Data provided:

* * * * * * *

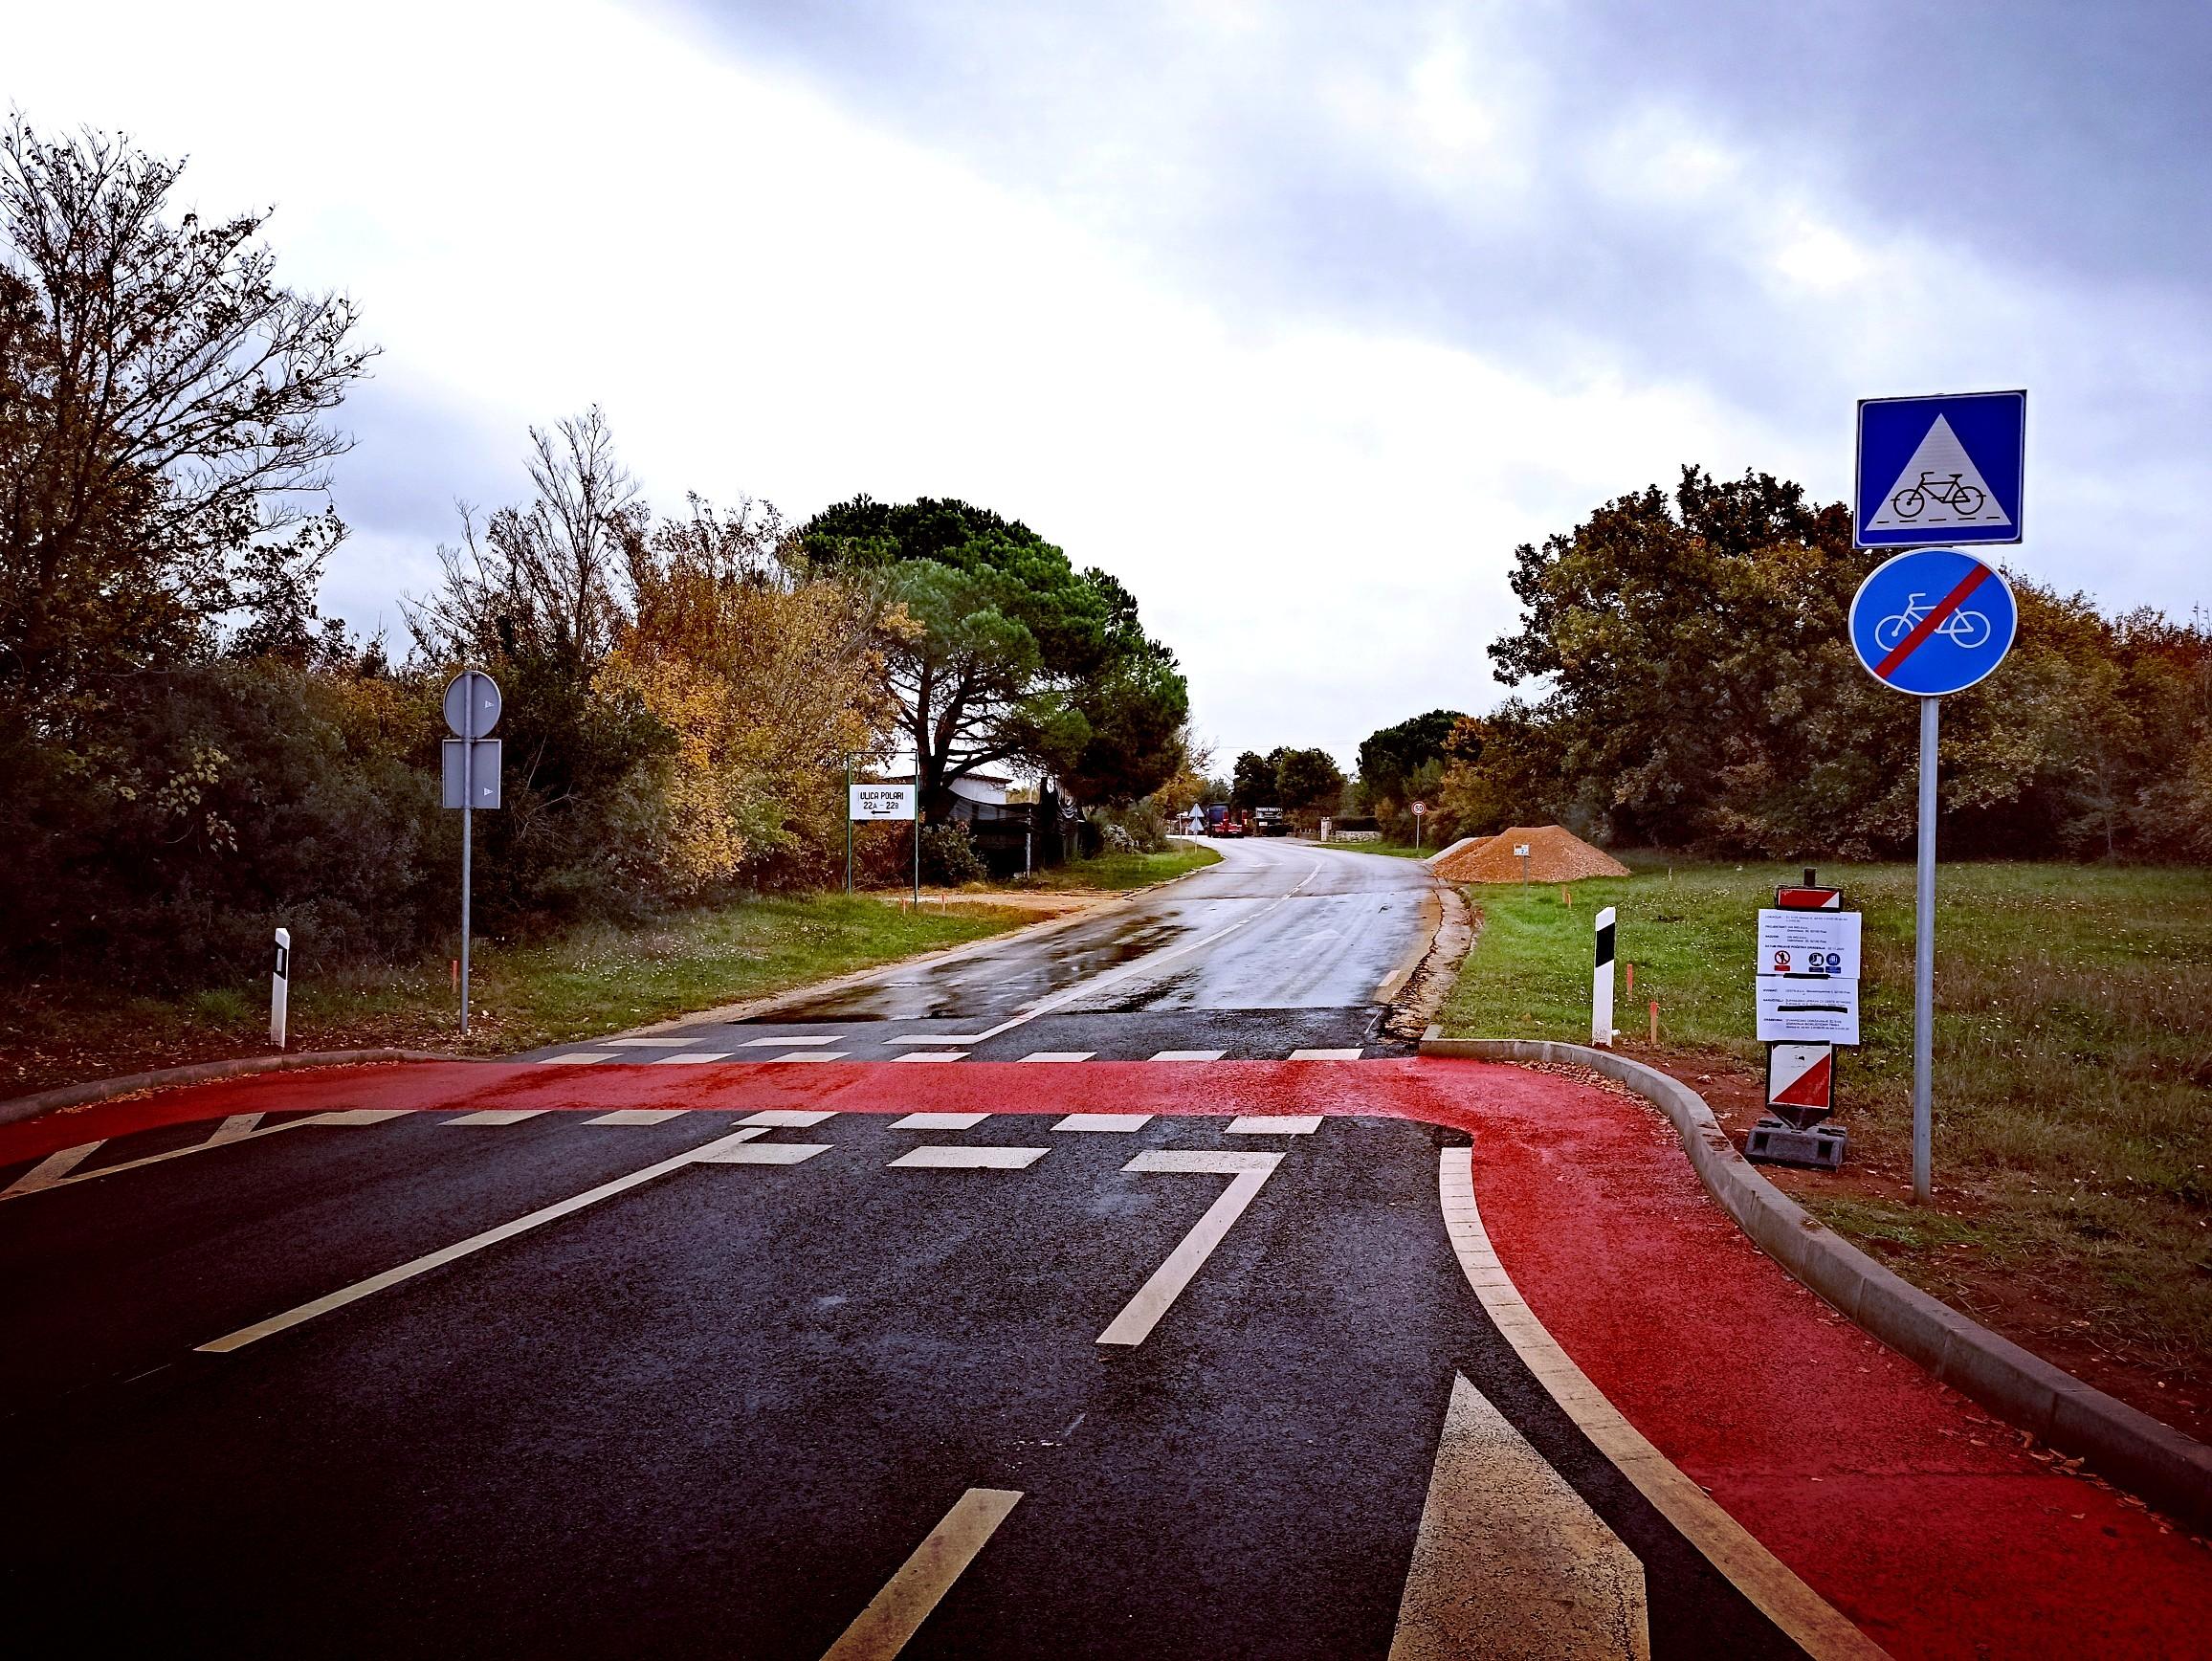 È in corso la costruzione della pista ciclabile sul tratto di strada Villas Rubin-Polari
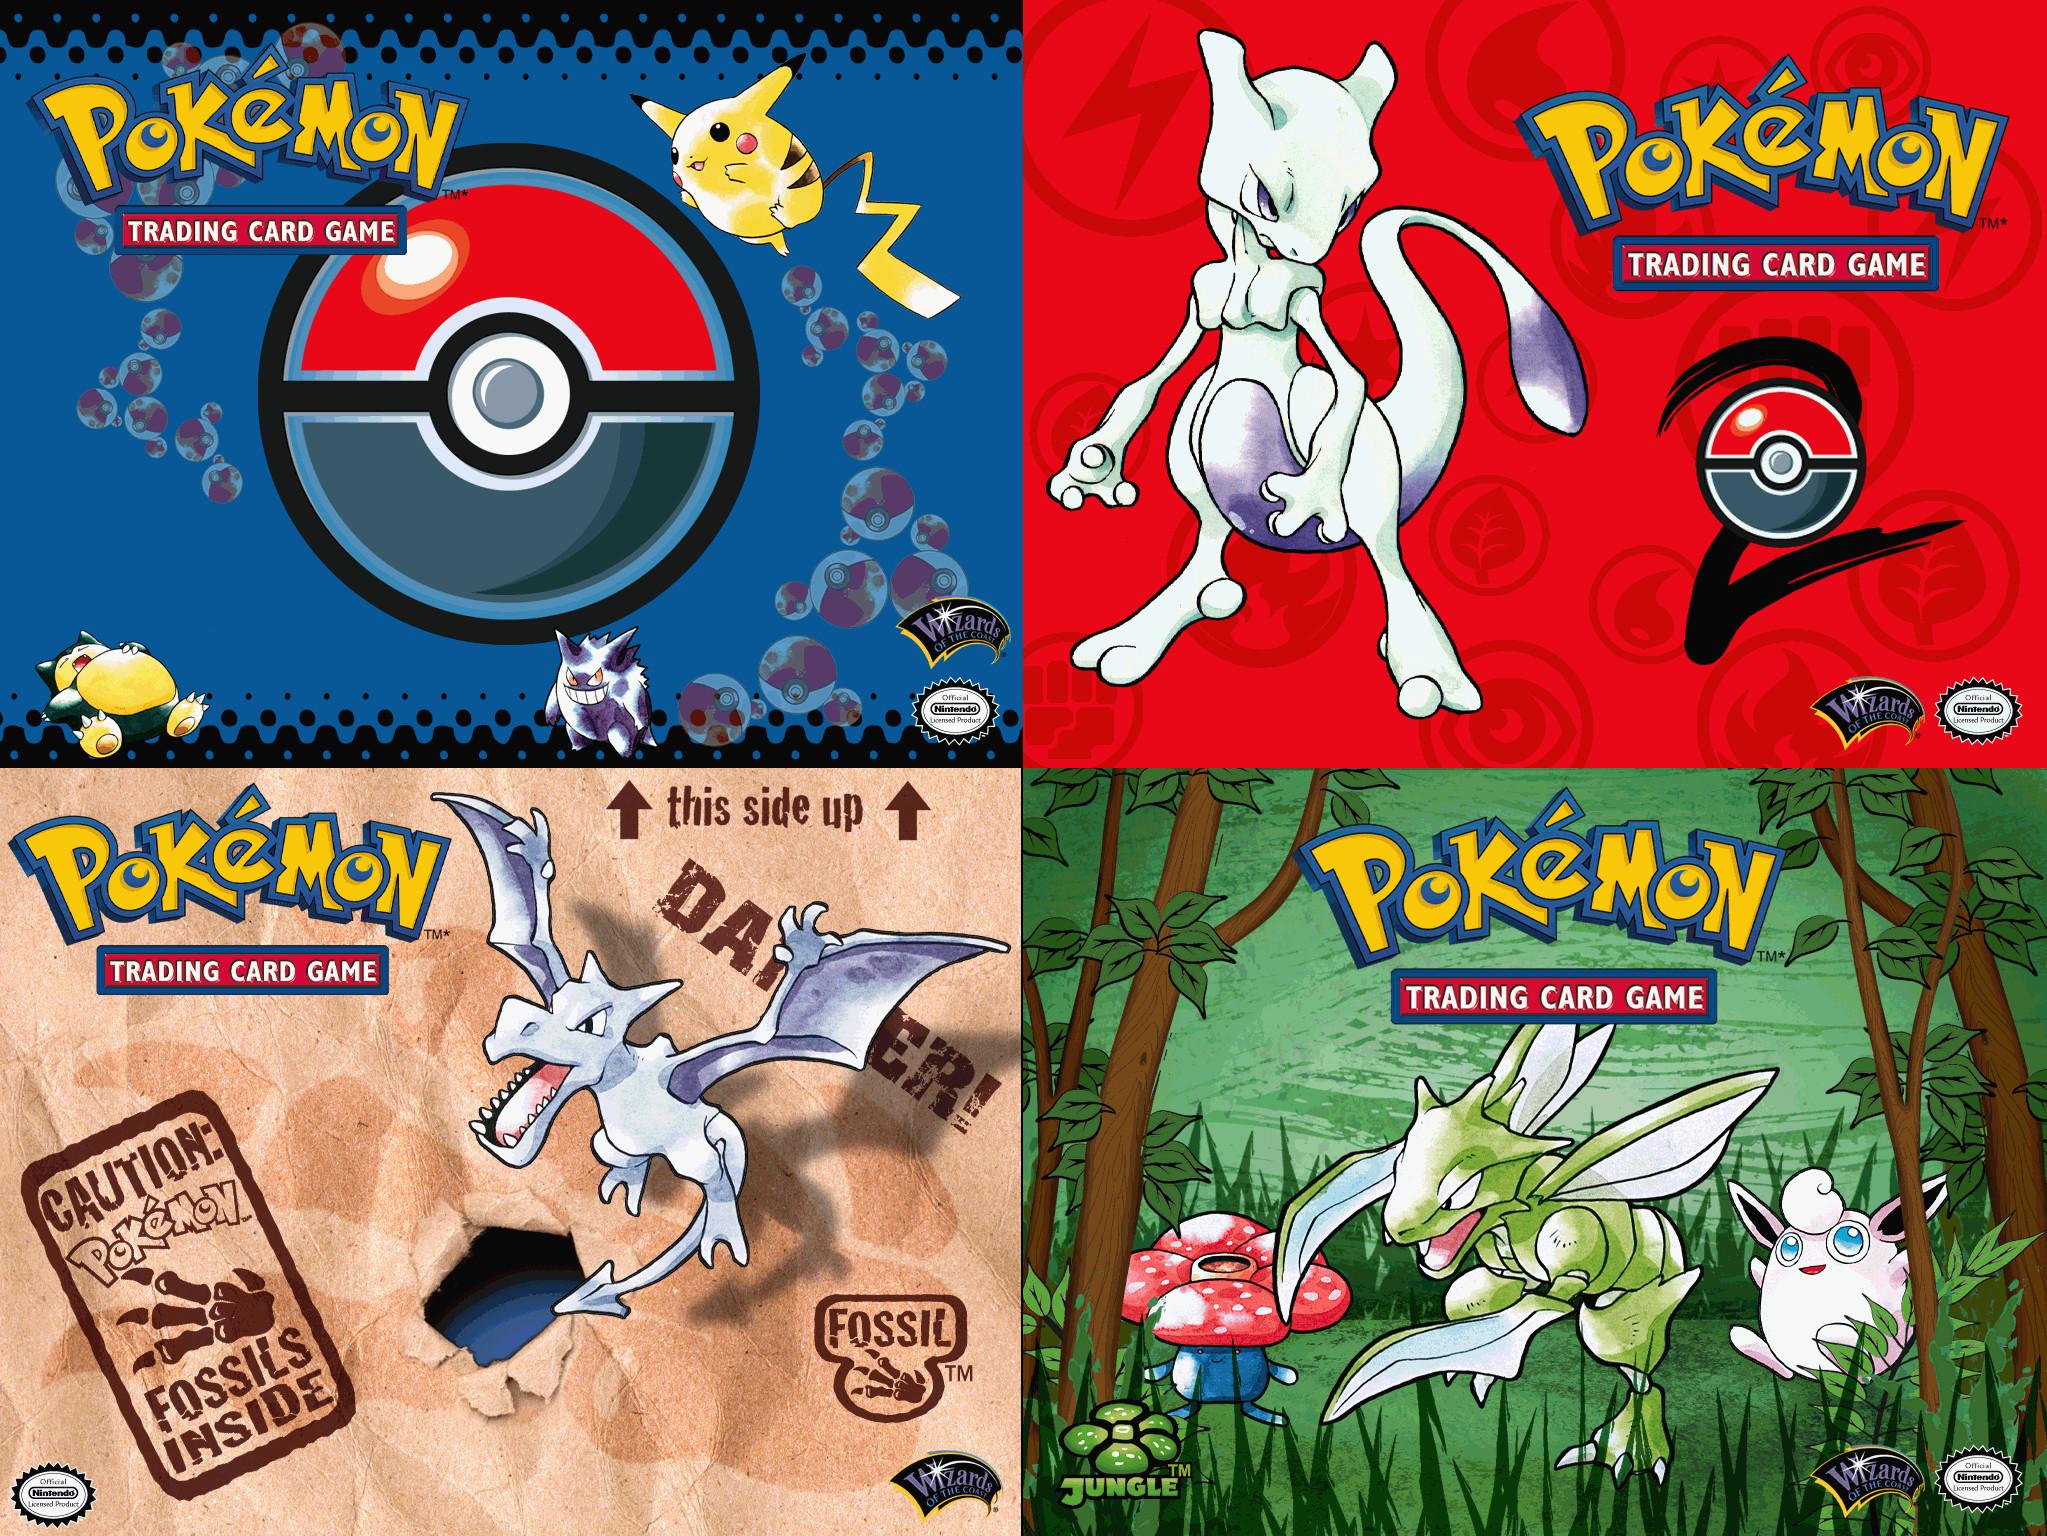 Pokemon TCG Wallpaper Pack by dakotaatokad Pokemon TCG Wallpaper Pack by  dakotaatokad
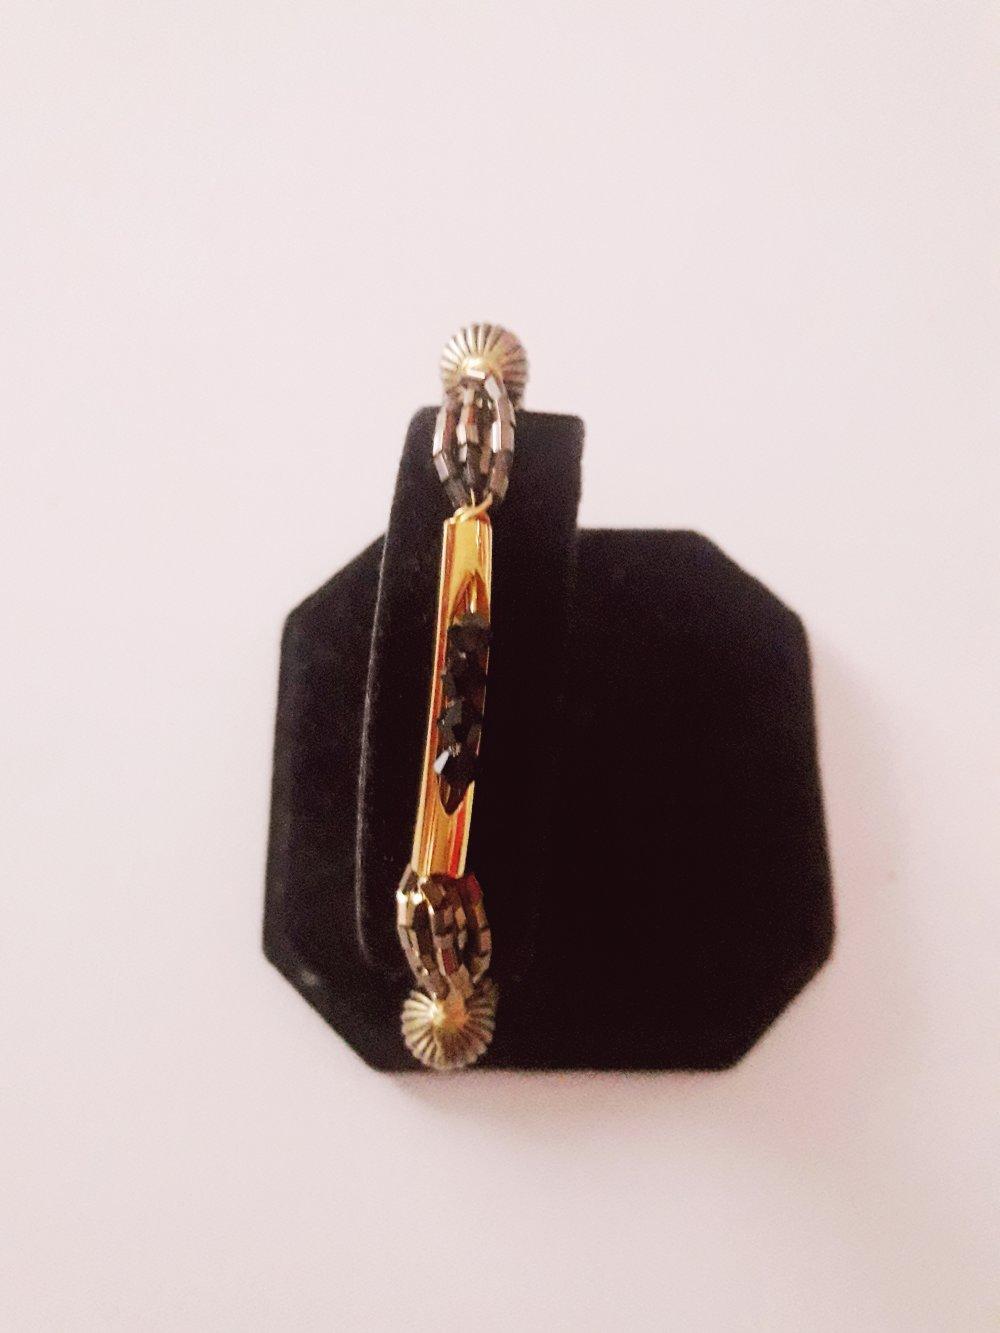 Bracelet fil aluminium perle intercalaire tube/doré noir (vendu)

* * * * * * *

Exercise description: Without the pictures, repeat exactly the lines running from the line containing "Pokemon TCG Wallpaper Pack by dakotaatokad" through the end of the data, both ends included.

Exercise result:
 Pokemon TCG Wallpaper Pack by dakotaatokad Pokemon TCG Wallpaper Pack by  dakotaatokad
 Bracelet fil aluminium perle intercalaire tube/doré noir (vendu)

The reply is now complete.